Иммунофлуоресцентные анализы с цельным креплением позволяют обнаружить потенциальные НМП и ключевые регуляторы дифференцировки мезодермы. Белые и желтые стрелки подчеркивают различия в эмбрионах мутантного и дикого типа. 3D-рендеризация целых иммуноокрашений позволяет лучше понять ткань или структуру в исследовании.
При этом было исследовано расположение потенциальных НМП в хвостовой почке. 3D-реконструкции тканей также важны для понимания и характеристики морфологических дефектов у эмбрионов мышей. Интерактивная визуализация 3D-реконструкции также может быть построена в удобных для пользователя форматах.
Например, в PDF-файле. Эти 3D-каудальные структуры эмбриона могут быть использованы для иллюстрации силы 3D-моделей для более широкой аудитории и для помощи в исследовании в обучении осевому удлинению и сегментации позвоночных. Наконец, 3D-визуализация более развитых эмбрионов мышей возможна с использованием метода OTP-микроскопии.

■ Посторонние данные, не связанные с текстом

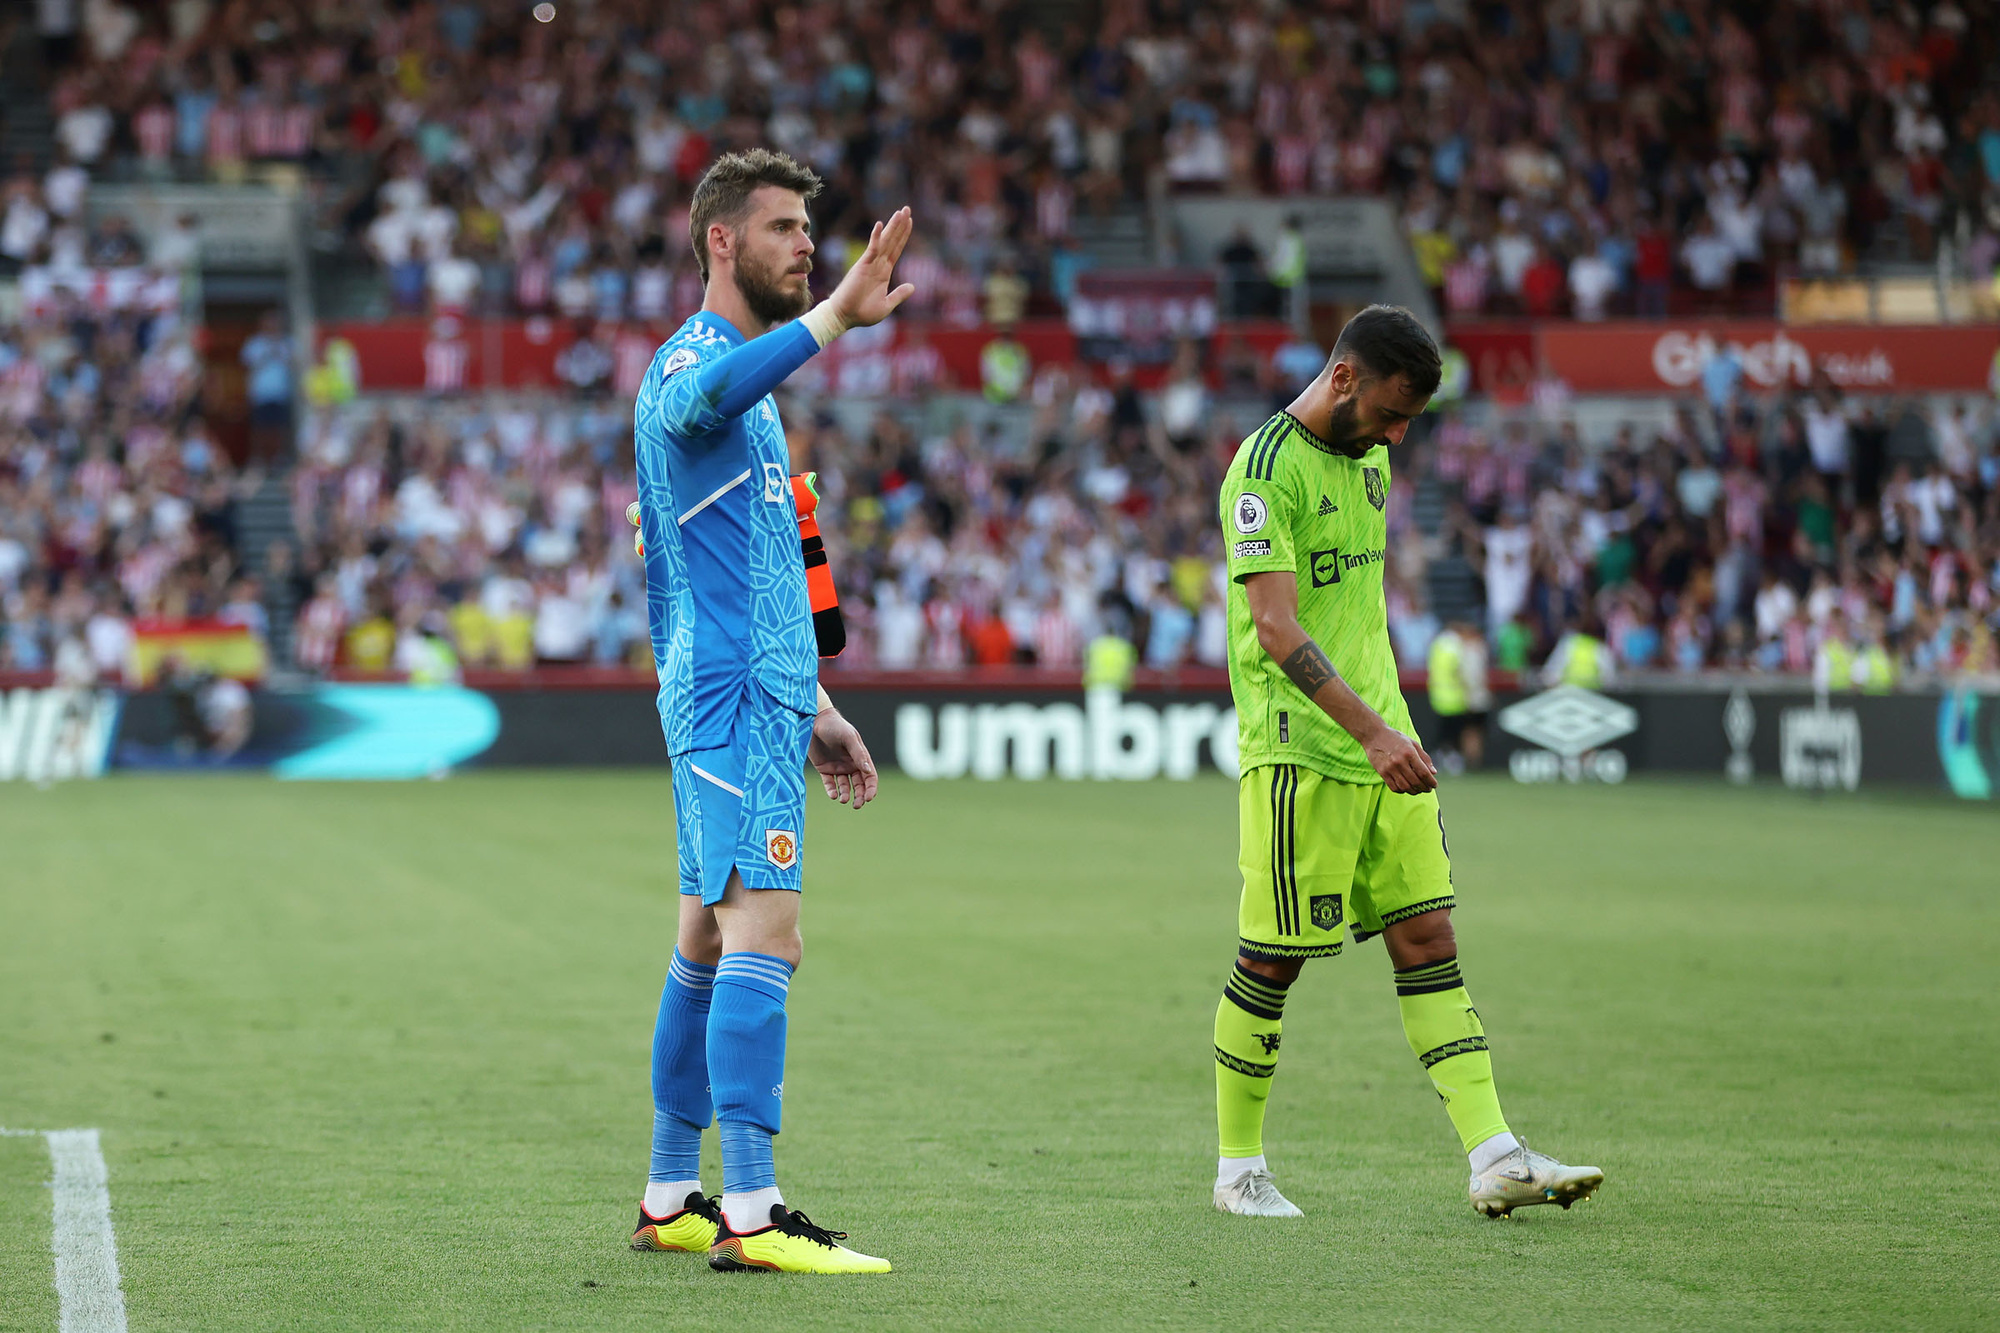 De hel van Man. United: 5 redenen waarom niets nog lukt op Old Trafford
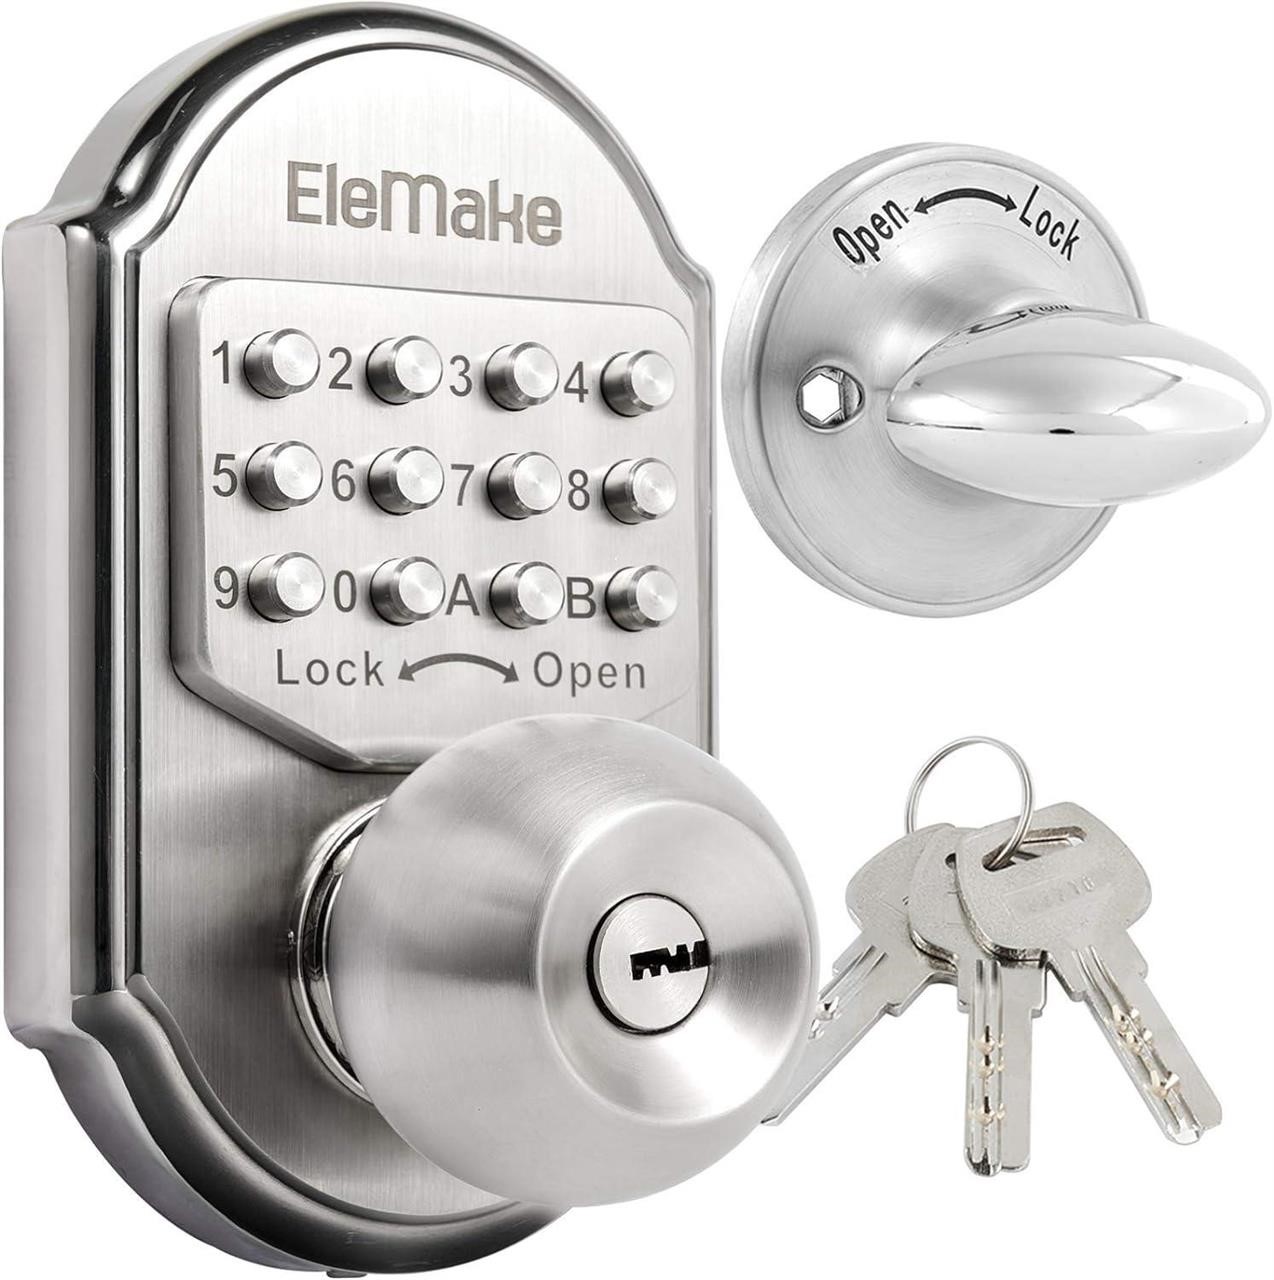 USED-Keyless Entry Keypad Deadbolt Door Lock

Здесь показаны анимированные рендеры, выделяющие ключевые срезы эмбрионального дня 18,5 плодов. Самое главное, что нужно помнить, это то, что результат должен оставаться верным представлением того, что наблюдается у эмбриона. Исследователи могут использовать эти методы, чтобы выйти за рамки представления только статических изображений, но также включить видео, трехмерные реконструкции и даже интерактивные 3D-модели своих данных.